The woman said the way Kloogh had stolen money from herself and her late husband was "despicable".
"It was a well-executed plan to lure us in, one which he had probably used many times before."
The couple invested money set aside for the holiday of a lifetime, savings and an inheritance, hoping to set the family up financially after her husband was diagnosed with cancer.
The woman said her late husband was happy the family would be provided for.
"The only thing that you could think of was how to get more money out of us . . . we thought you were helping us but the only thing you wanted to do was help yourself.
"How you could do that to a dying man I still cannot understand."
The couple lost $712,000 to Kloogh.
"Cancer is cruel but Barry has matched that cruelty."
A second investor told the court he and his family had $268,000 stolen by Kloogh.
Their initial investments had been moderately successful: "we now feel we were being groomed."
Their money was knowingly and deliberately stolen, he said.
On three occasions Kloogh had at been at their table and been given cheques stamped to be invested safely - instead they had been later counterstamped with the name of one of Kloogh's companies.
"We are shattered that our trust in Barry has been betrayed . . . our vision has been stolen."
A third investor, a woman, said twice she had been asked by Kloogh to write cheques to transfer sums which he said had been mistakenly placed in her account.
She asked Kloogh to arrange her finances prior to her retirement, and received modest regular amounts.
A trip to the United States saw her stranded, after a promised $15,000 she had arranged for Kloogh to out into her account never arrived.
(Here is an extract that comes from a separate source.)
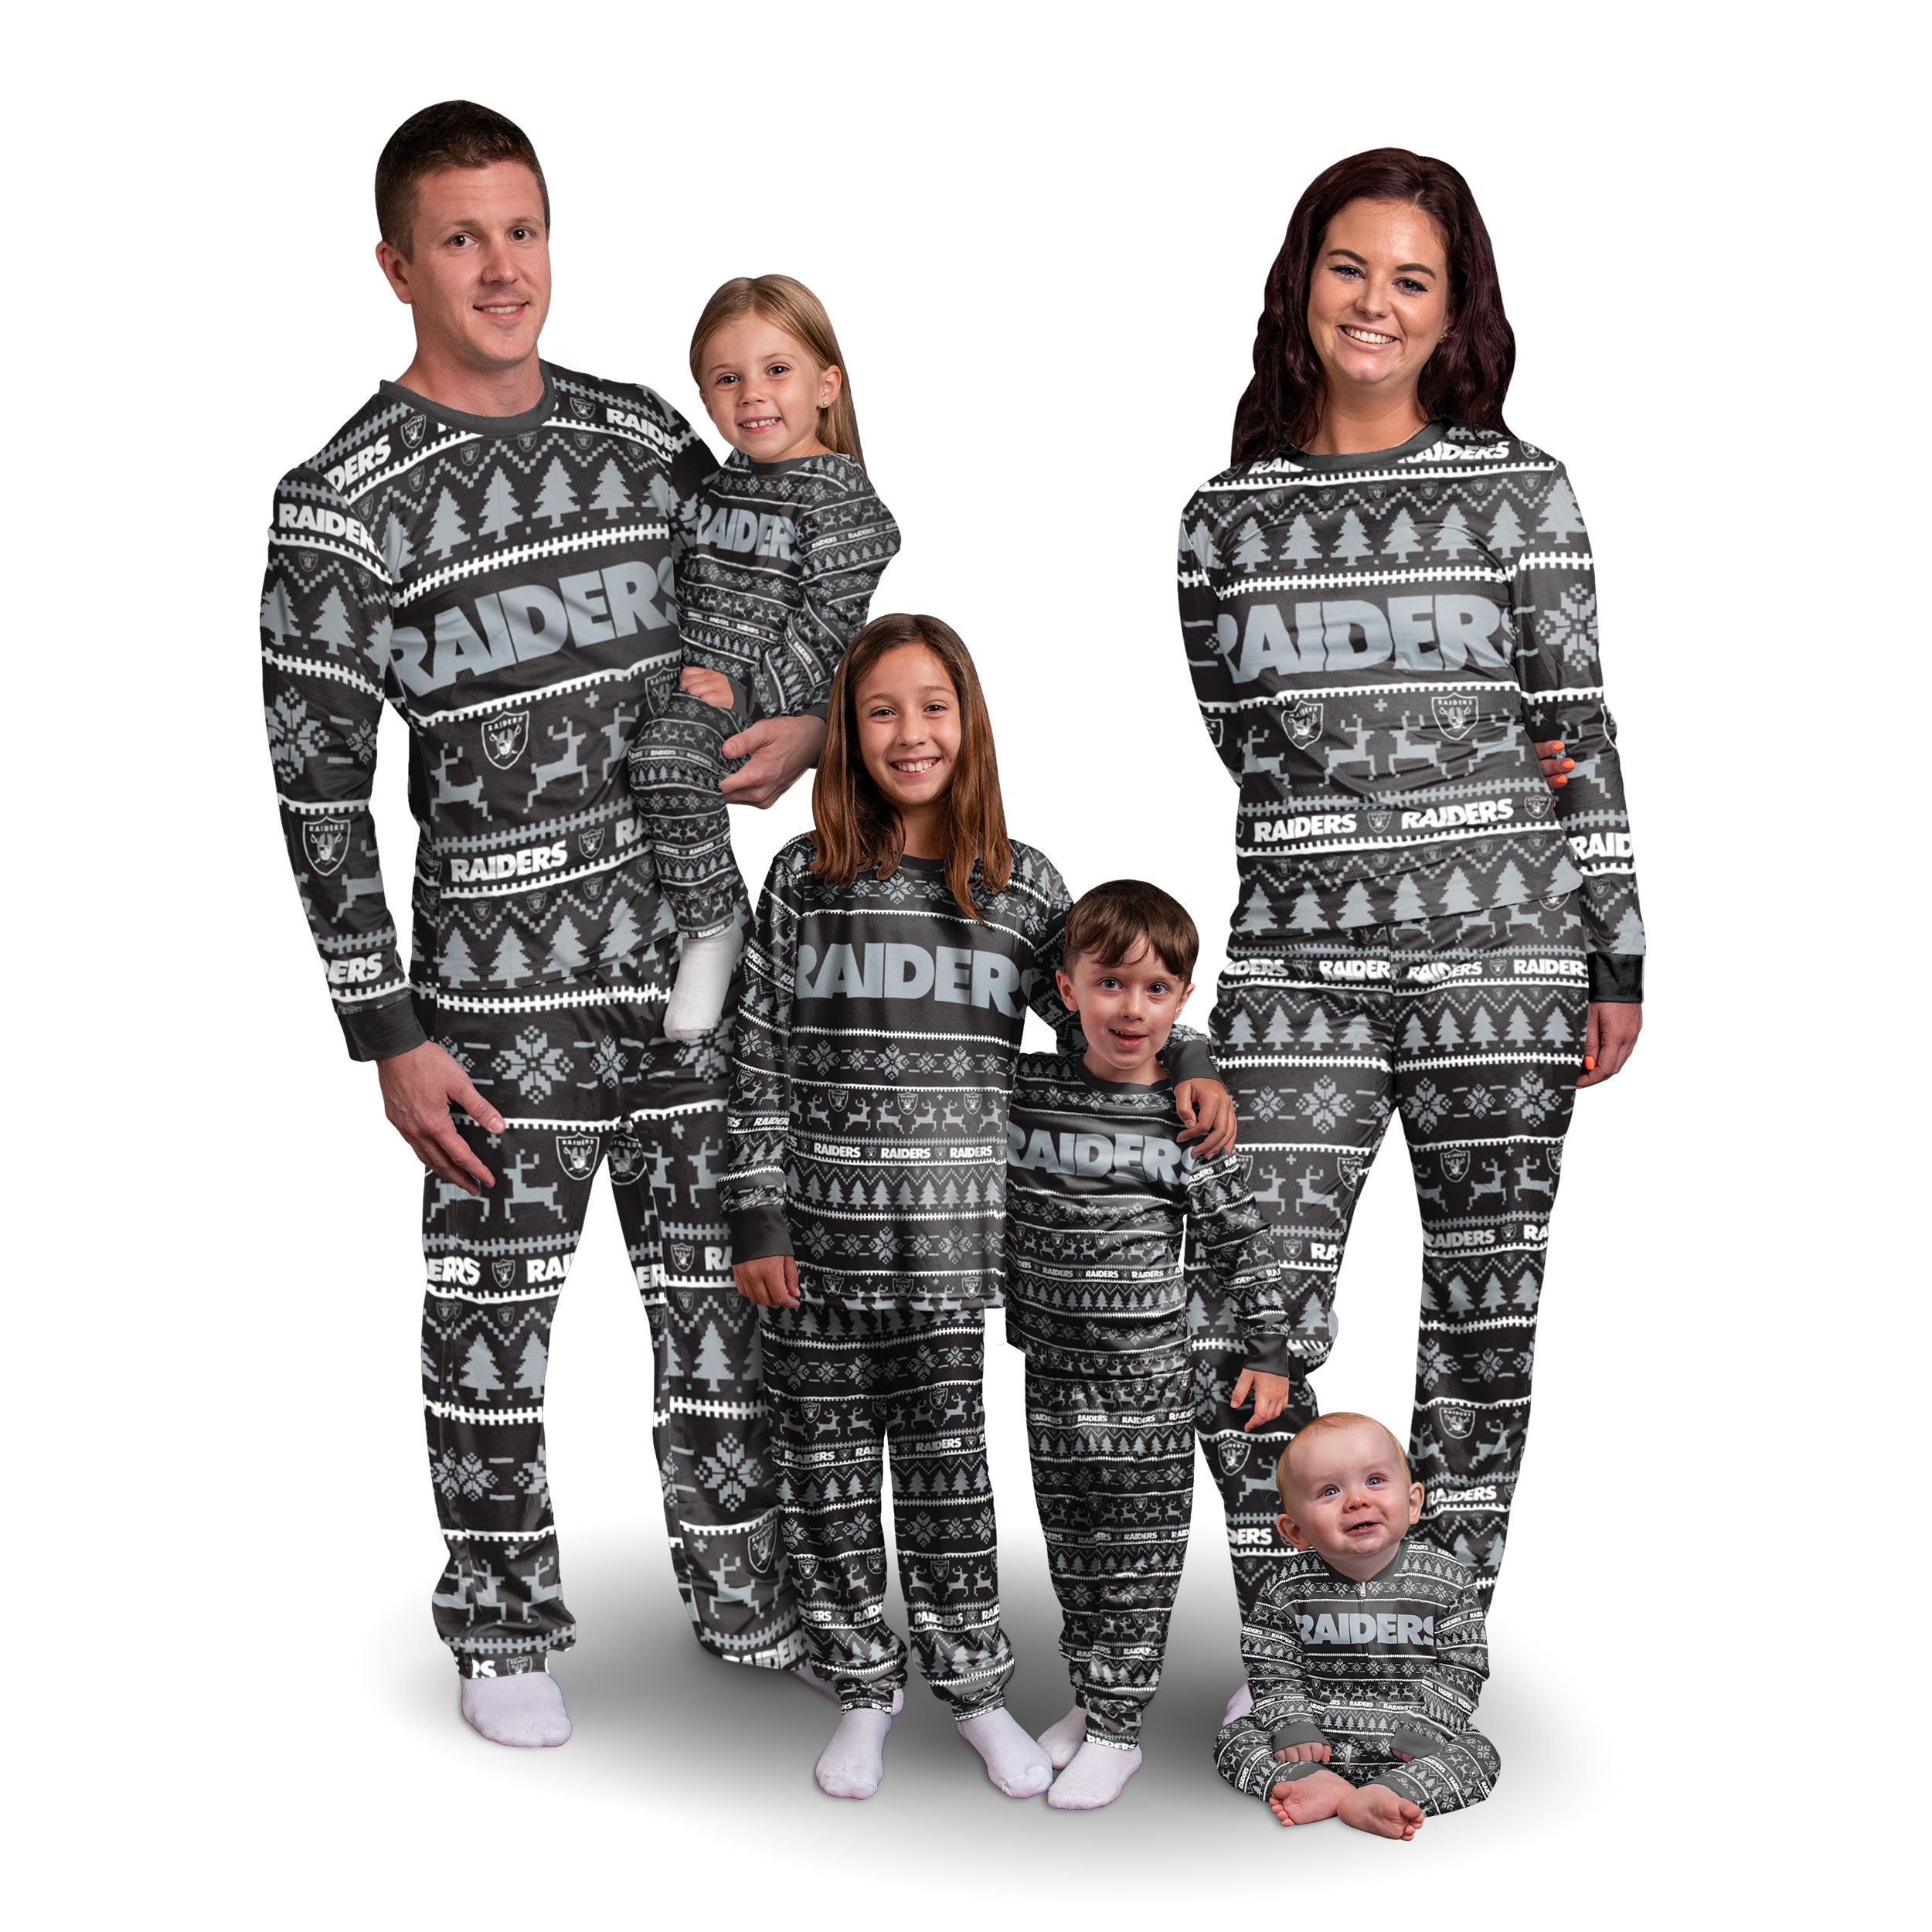 Las Vegas Raiders Team Custom Name Christmas Pajamas For Fans - Banantees
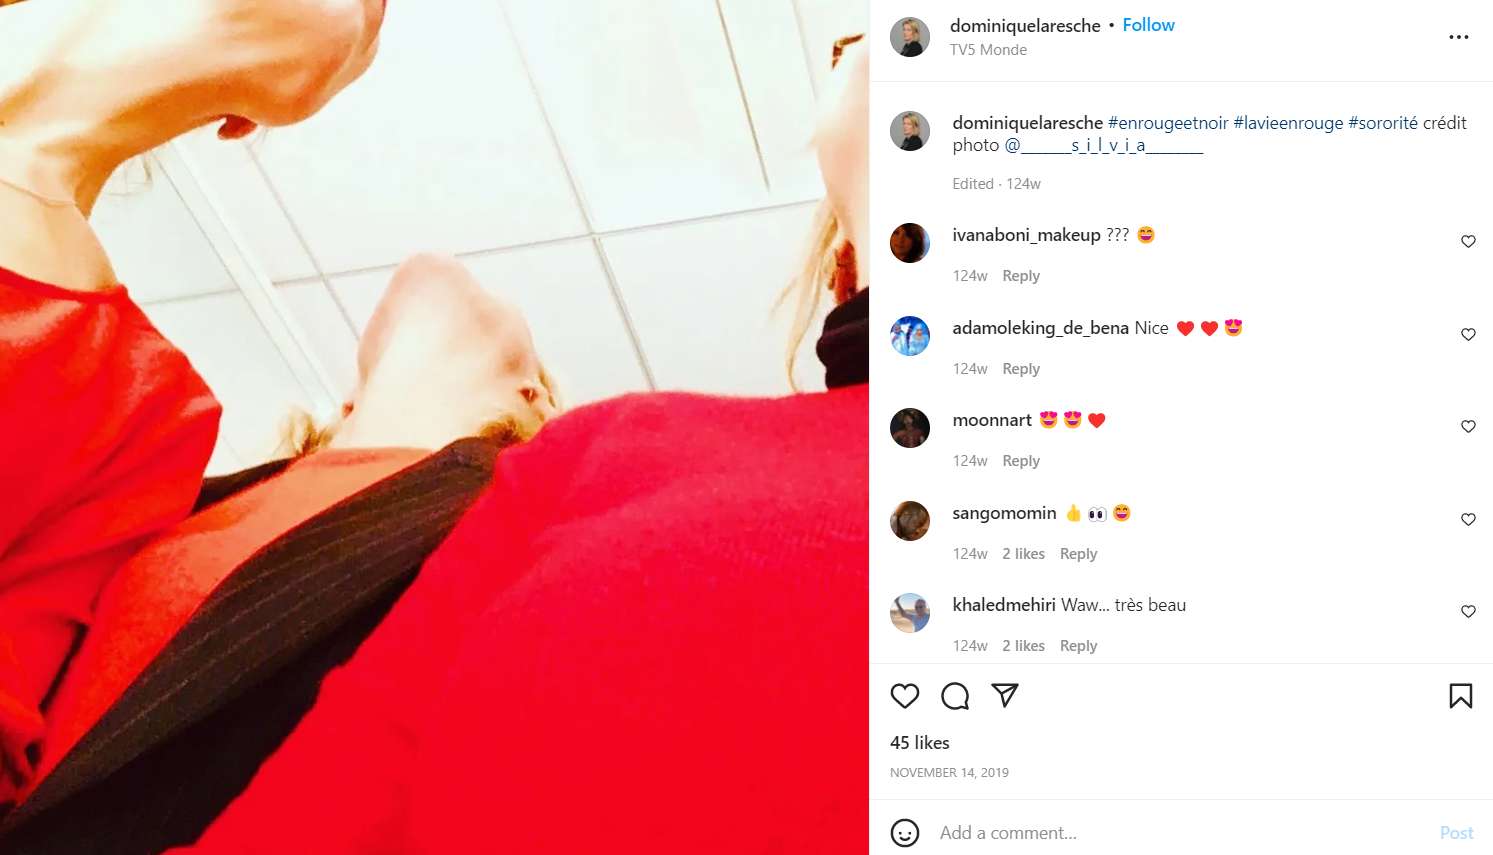 Dominique Laresche's first Instagram post

She emailed Kloogh to say she was worried about where her money was, and was anxious: Kloogh apologised and told her via email: "I am certainly not slack and certainly not dishonest," and told her the money would be transferred immediately.
The issue was sorted out, but the woman continued to trust a man who she now believed viewed her as a "sitting duck".
The money she trusted would be available to her as a backstop if needed by herself or her children was targeted by Kloogh, she believed.
"I believed I had financial safety: not so today . .. what on earth made him think he could use my money for his own purposes?."
Many people who once trusted Kloogh and regarded him as a friend are today opting to read out victim impact statements that detail the damage he has done.
"It's changed our lives completely," one investor who has lost a six-figure sum told the Otago Daily Times this week.
"Straight after it happened, I just went into a deep depression and I did not want to be here.
"I could just not see myself coping with the loss of all our money and the cancer I was going through, and I had to seek professional help and take medication, but it's there every day."
Many of the investors have already sat down with Kloogh as part of a restorative justice process.
"Whether there is any remorse there, I don't know. He's firmly convinced that he's going to get our money back, but how I just don't know," one investor said.
"He's just going to sit in prison. He's got a warm bed and a TV, and he'll get out and he'll just carry on."
Many of the investors who will attend today's sentencing are members of an affected investors group, set up to provide information and support.
The group spokeswoman said today was a significant milestone, but the work of untangling Kloogh's financial affairs would go on for years.
"I believe some people are still coming forward now ... and there are a lot of indirect victims in this, too," she said.
"I think some people will find closure, but there is still a long journey ahead for this process, not just working through this but also trying to make sure it doesn't happen again."
Kloogh was the operator and sole shareholder of Financial Planning Ltd and Impact Enterprises Ltd, and offered insurance and mortgage-broking services as well as financial planning.
However, rather than investing his clients' money through a secure platform — as they believed he would — Kloogh instead operated a Ponzi scheme, using newly invested money to pay off clients who requested their money back.
Kloogh's office and home were searched by police and the Serious Fraud Office in May 2019.
His companies have been placed in liquidation and Kloogh has declared personal bankruptcy.
In his interviews with investigators, Kloogh said he believed he had stolen $18 million from investors, and that he had operated his Ponzi scheme for years.
In March, Kloogh pleaded guilty to representative charges of false accounting, false statement by a promoter, theft by a person in a special relationship and obtaining by deception.
He has also pleaded guilty to four individual charges of forgery, theft by a person in a special relationship, and two charges of obtaining by deception.